Dataset excerpts
-=-=-=-=-

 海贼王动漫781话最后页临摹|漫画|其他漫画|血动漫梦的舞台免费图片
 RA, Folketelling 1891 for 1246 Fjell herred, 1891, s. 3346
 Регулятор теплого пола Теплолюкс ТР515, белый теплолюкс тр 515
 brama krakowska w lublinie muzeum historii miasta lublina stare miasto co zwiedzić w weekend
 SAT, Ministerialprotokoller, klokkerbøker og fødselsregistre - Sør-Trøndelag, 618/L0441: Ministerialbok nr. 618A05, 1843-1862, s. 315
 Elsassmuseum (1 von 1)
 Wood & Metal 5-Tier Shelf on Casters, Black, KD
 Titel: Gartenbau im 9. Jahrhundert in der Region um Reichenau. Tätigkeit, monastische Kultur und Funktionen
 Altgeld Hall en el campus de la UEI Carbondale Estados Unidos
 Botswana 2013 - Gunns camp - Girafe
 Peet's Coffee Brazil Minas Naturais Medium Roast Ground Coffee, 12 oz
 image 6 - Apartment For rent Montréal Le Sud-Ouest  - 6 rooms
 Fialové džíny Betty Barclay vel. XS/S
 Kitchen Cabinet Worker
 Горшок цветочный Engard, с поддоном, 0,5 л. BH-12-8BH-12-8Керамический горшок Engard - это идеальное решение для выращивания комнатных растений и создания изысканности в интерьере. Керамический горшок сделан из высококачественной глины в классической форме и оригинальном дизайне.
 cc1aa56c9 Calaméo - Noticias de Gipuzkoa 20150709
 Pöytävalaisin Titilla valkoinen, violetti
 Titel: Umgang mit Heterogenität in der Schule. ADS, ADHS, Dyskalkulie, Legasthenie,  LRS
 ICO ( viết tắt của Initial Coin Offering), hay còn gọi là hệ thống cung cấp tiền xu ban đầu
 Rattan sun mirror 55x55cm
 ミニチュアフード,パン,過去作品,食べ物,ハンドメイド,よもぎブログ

-=-=-=-=-

» **Work instruction**
In the lines above, find the word "Titel" and copy every line it occurs in.

» **Reply to the task**
 Titel: Gartenbau im 9. Jahrhundert in der Region um Reichenau. Tätigkeit, monastische Kultur und Funktionen
 Titel: Umgang mit Heterogenität in der Schule. ADS, ADHS, Dyskalkulie, Legasthenie,  LRS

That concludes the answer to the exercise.